Cyril Bardsley

Personal information
- Born: 24 June 1931 Manchester, England
- Died: 6 February 2020 (aged 88) Stockport, Greater Manchester, England

Team information
- Discipline: Track cycling
- Role: Rider

= Cyril Bardsley (cyclist) =

English cyclist (1931–2020)

Cyril Bardsley (1931–2020) was an English male track cyclist.

==Cycling career==
Bardsley was born 24 June 1931 and was trained by his father Albert Bardsley, who was himself a useful track rider. He was an apprentice plumber from Blackley, Manchester and joined the Manchester Clarion club, which at that time included the international pursuit rider Cyril Cartwright as a member. Bardsley’s first track race was at Fallowfield on 10 April 1950, he was a long marker in the 600 yards handicap and came second. He also competed in the local Fallowfield track league.

At the British sprint championship at Herne Hill on 7 July 1951, the Daily Herald of 9 July 1951 described how Bardsley unexpectedly beat the champion Alan Bannister 2-1 with a fine display of tactical sprinting. Bardsley then competed in the 1951 Milan World amateur sprint championships on the famous Vigorelli track, riding a bike lent to him by Reg Harris. Bardsley crashed in the final 300 metres of the quarter finals, the event was re-run after ten minutes, but Bardsley was eliminated. Harris went on to win his third professional sprint title at the meeting.

After the world championships, Bardsley trained with Harris for several weeks and was described by the press as Harris’ protégé. In 1951, the NCU sent letters to all Olympic possibles requiring them to state that they were not contemplating turning professional. Bardsley refused to sign and the following month, he turned professional to ride with Reg Harris at Raleigh, whilst he was still just 20 years old.

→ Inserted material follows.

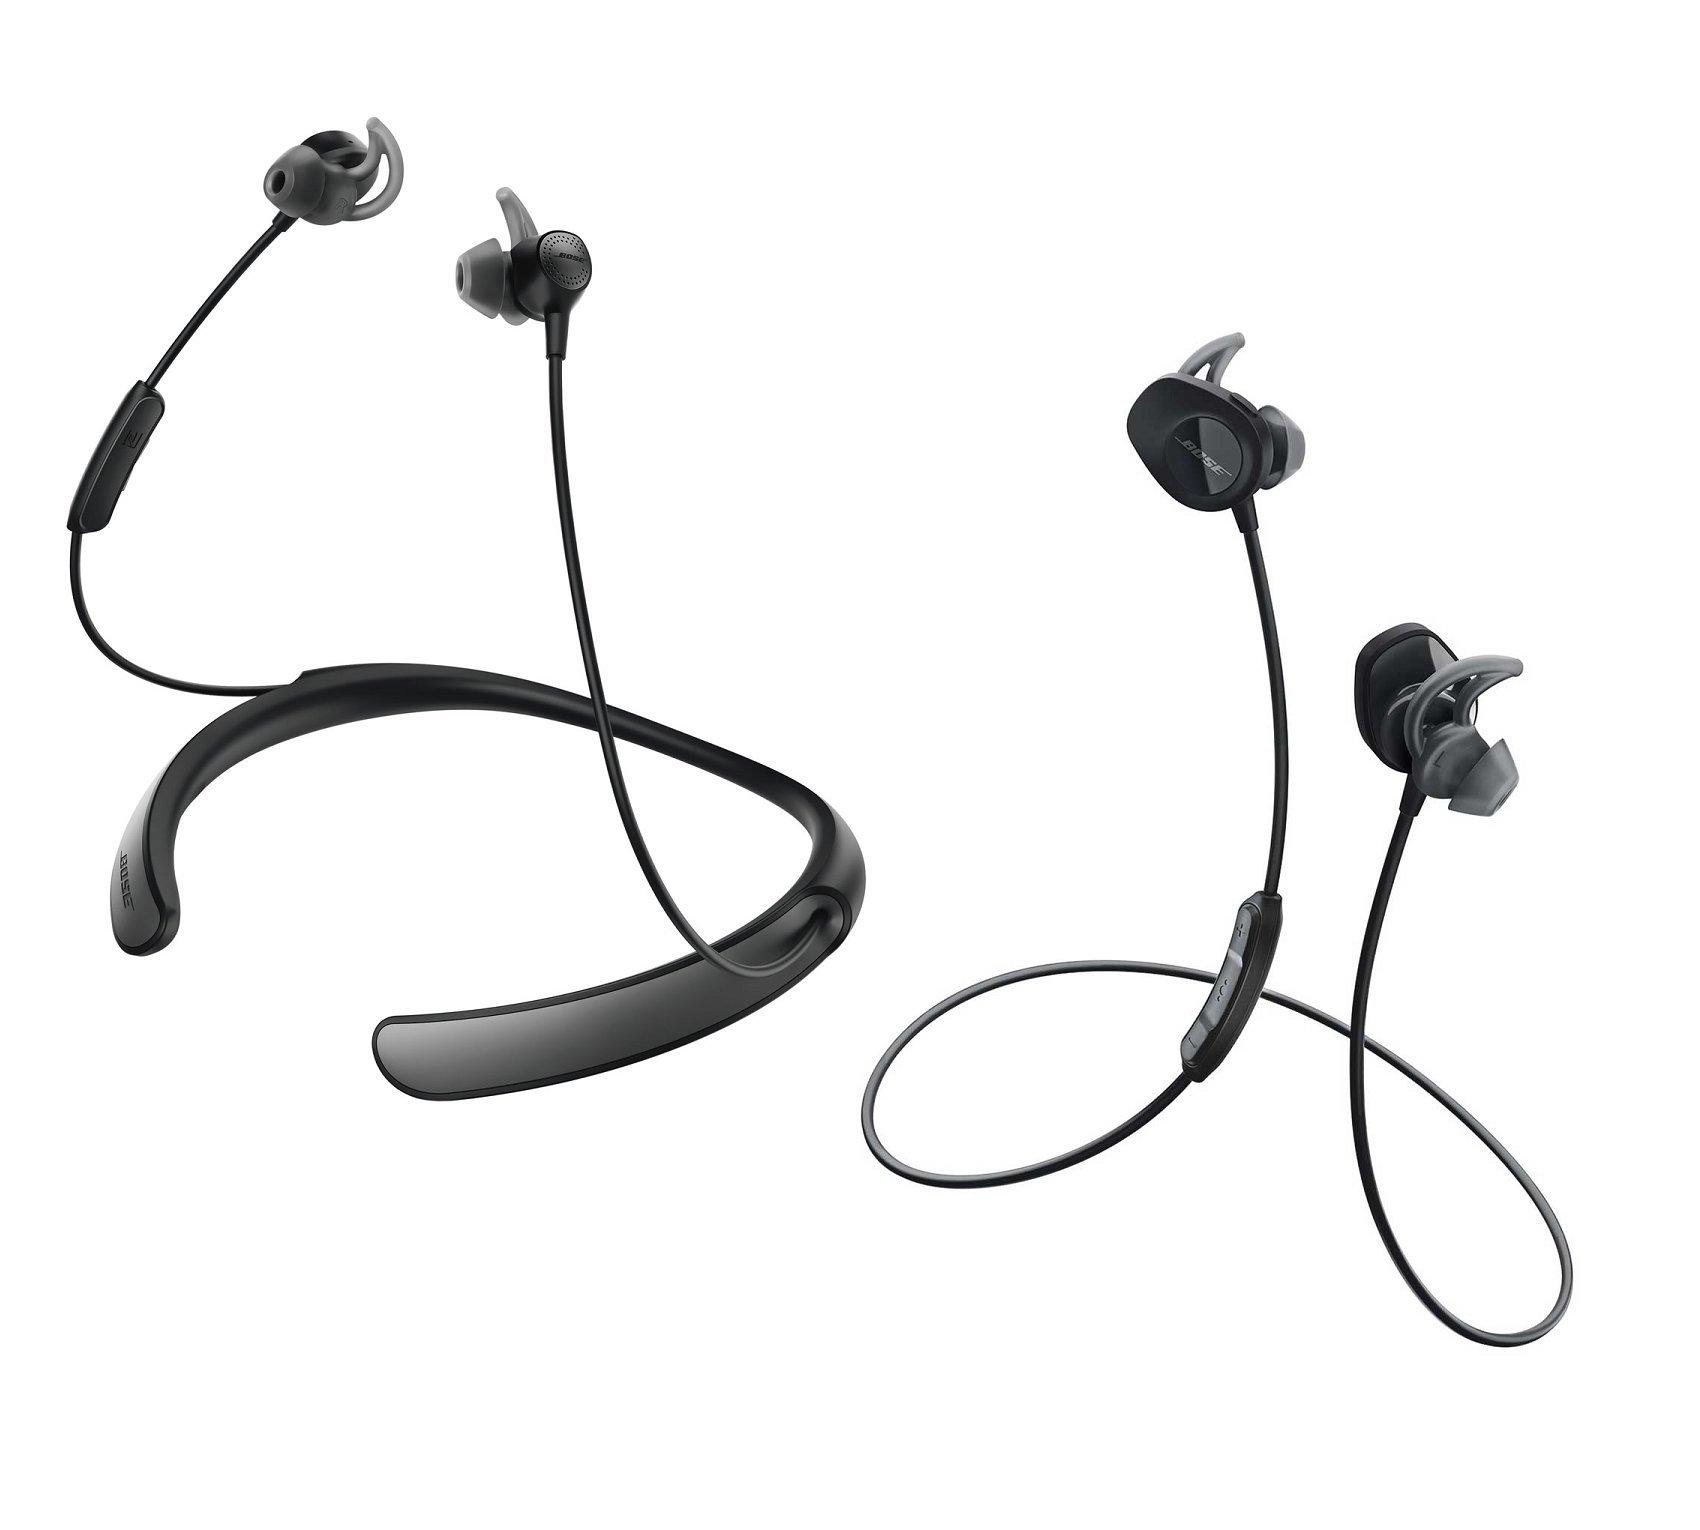 Bose Bluetooth Headphone Bundle - SoundSport Wireless Black & QuietControl 30 Black In-ear Headphones by Bose

Bardsley made his professional debut at Owlerton stadium on 24 May 1952, racing in a sprint omnium against Reg Harris, Arie van Vliet and Roy Pauwels. Harris and Bardsley then combined to beat the quarter and half mile standing start British tandem records at Fallowfield on 3 June 1952. In the summer of 1952, Harris and Bardsley appeared in a series of professional track omnium events around the country against Australian Syd Patterson and British professional road racers such as Dave Bedwell, Derek Buttle and Len Jackson.

Bardsley and Harris were both selected for the 1952 World professional sprint championships in Paris, but Bardsley was eliminated when his wheel buckled in a semi-final and a re-run was refused. The Swiss Oscar Plattner was crowned World professional sprint champion. Bardsley finished the 1952 season with a professional omnium race at Herne Hill’s meeting of Champions.

In December 1952, Bardsley went to Australia for four months so that he could race through the winter. He was kept busy with omnium racing against Syd Paterson, Jan Derksen and Australian champion Keith Reynolds.

Bardsley returned to England in April 1953 and rode with team mate Reg Harris at professional sprint meetings at the Grand Prix of Paris, Fallowfield and Herne Hill. Bardsley and Harris were again selected for the World sprint championships at Zurich and spent some time before the event appearing in exhibition matches in Northern Ireland. Harris made the world final, whilst Bardsley was knocked out in the quarter finals.

In June 1954, Bardsley raced in Denmark, then appeared at the Fallowfield Whit Monday meeting and Herne Hill for the Grand Prix of London sprint. Bardsley was unplaced at the Cologne World sprint championships, which was won for the fourth time by Reg Harris. The year was relatively disappointing for Bardsley, who did not make the progress expected of him.

Bardsley was conscripted into the RAF in 1955 but still managed some racing, he complained about a lack of training and following a very lean year, he retired from racing.

In 1959, Bardsley made a comeback for a couple of years, racing at Fallowfield in sprint events. After Bardsley retired, he opened a cycle shop in the 1950s called Bardsley Cycles at 482 Manchester Road, Heaton Chapel, Stockport SK4 5DL. He was involved with the South Manchester Racing Club, who used to meet at the Fallowfield clubhouse on Monday nights and the club trained on the Fallowfield track.

In the 1990s, Bardsley Cycles shop was taken over by ex-racing cyclist Will Wright and the shop changed its name to Will's Wheels. Bardsley died on 6 February 2020, aged 88.